Valter Pomar - O que está acontecendo não é uma surpresa: estava no script. E as alternativas existem: o que ocorre é que no momento os setores conservadores estão na ofensiva. Evidentemente, há vários jeitos de entender e de explicar o que está acontecendo. No curto prazo, temos um grande curto-circuito: Dilma foi eleita no segundo turno das eleições presidenciais de 2014 sinalizando para o desenvolvimento, mas desde que tomou posse vem operando um ajuste fiscal recessivo.
Este ajuste fiscal recessivo, combinado com os efeitos colaterais da Operação Lava Jato, transformou o que era um problema totalmente administrável nas contas públicas, em uma crise econômica de graves proporções. O resultado desagrada quem votou em Dilma e não agrada quem votou no Aécio.

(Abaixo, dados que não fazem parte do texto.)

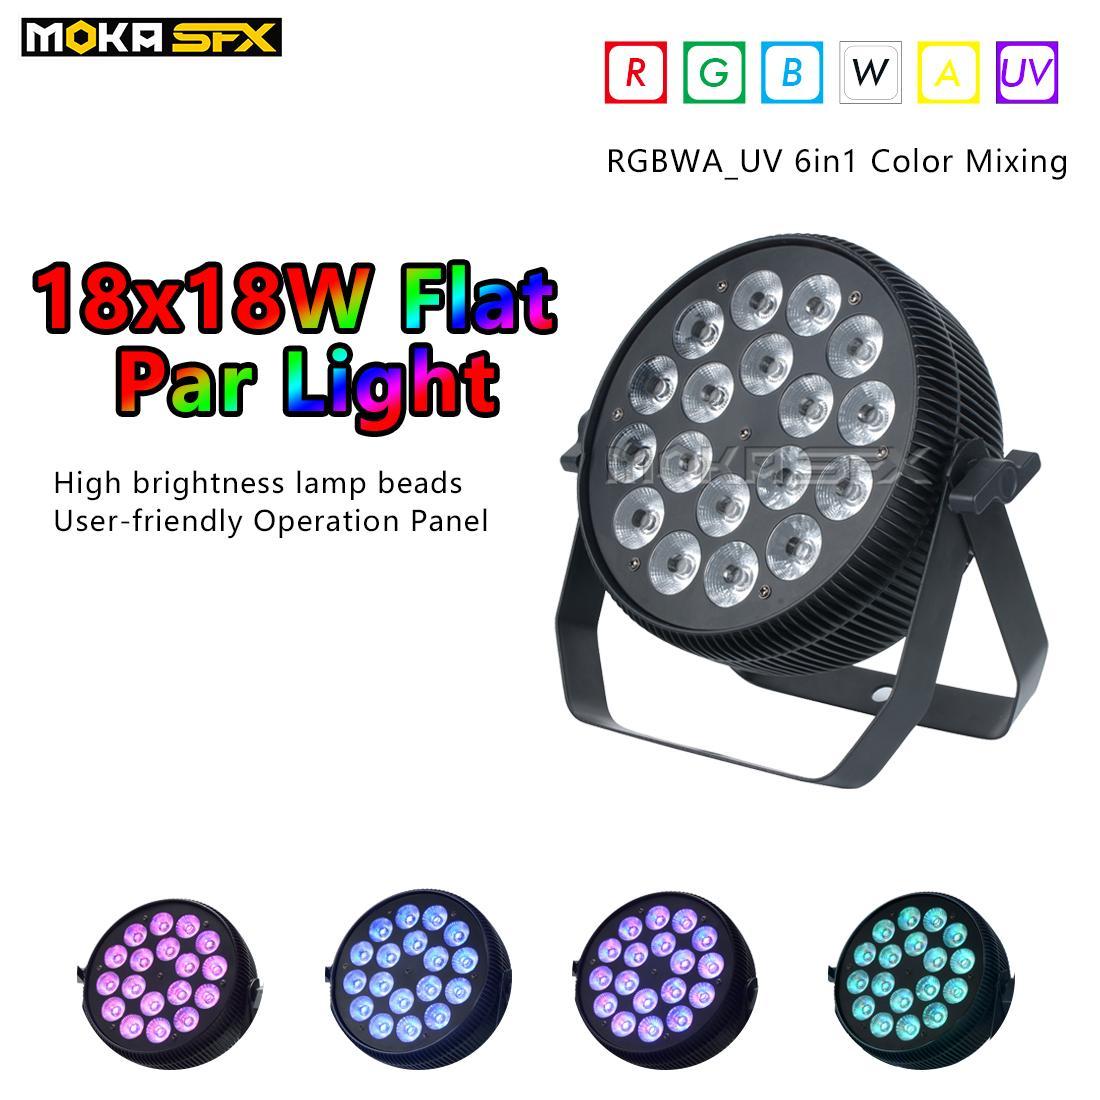 2pcs / lot Son Profesyonel Disco Işıklar LED Par 18 * 18W RGBWA + UV Düz Dj Par Işık Sahne Işıkları için Düğünler Gece Kulübü Parti Işıklar

Como os que votaram em Aécio quase ganharam a eleição presidencial de 2014, parte deles enxerga na situação uma chance de voltar à presidência da República, de preferência antes de 2018.
Mas a lógica da situação os conduz, em alguma medida, a criticar o ajuste fiscal que defenderam nas recentes eleições presidenciais. Crítica que demonstra, por outro lado, que a profundidade da crise também afeta as bases sociais da oposição de direita.
Aparente paradoxo também acontece na Operação Lava Jato. Para atacar o PT, estão expondo as entranhas do sistema de financiamento e corrupção que caracteriza a política burguesa no Brasil. E, por outro lado, o PT se vê na situação contraditória de ter que defender-se da acusação de ter feito o que os outros sempre fizeram, de ter incorrido em práticas que o PT sempre criticou.
Curto-circuito
Este curto-circuito é a expressão no curto prazo de algo mais profundo: a persistência de um impasse estrutural, tanto na relação do Brasil com o capitalismo internacional quanto na relação entre as classes sociais no Brasil. Este impasse remete ao final dos anos 1970, quando se combinaram a crise da ditadura militar e a crise do desenvolvimentismo conservador. Como resultado naquele momento, tivemos uma década economicamente perdida, mas ao mesmo tempo de intensa mobilização e organização social.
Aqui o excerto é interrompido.